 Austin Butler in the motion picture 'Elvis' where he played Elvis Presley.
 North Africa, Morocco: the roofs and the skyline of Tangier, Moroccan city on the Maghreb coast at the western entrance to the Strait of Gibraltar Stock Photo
•••
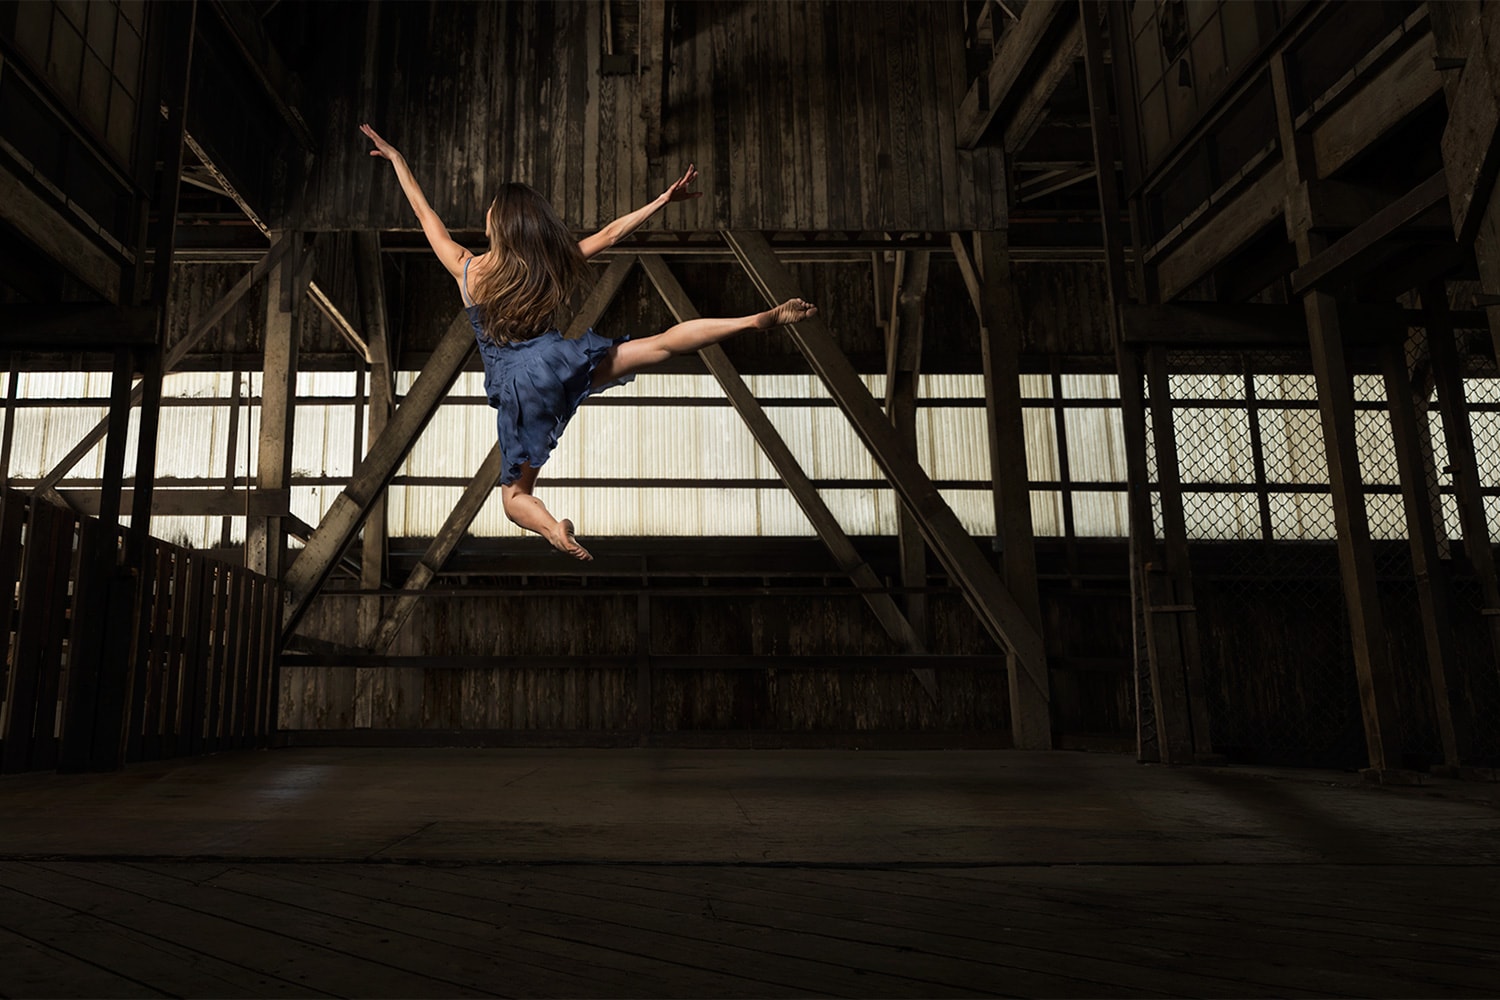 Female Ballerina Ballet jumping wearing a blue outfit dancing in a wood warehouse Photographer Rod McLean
•••
--- EXERCISE AIM ---
Above this task is a listing. Restate, word for word and with nothing added, the lines from the one with "Austin Butler in" through the one with "North Africa, Morocco: the".

--- ANSWER BOX ---
 Austin Butler in the motion picture 'Elvis' where he played Elvis Presley.
 North Africa, Morocco: the roofs and the skyline of Tangier, Moroccan city on the Maghreb coast at the western entrance to the Strait of Gibraltar Stock Photo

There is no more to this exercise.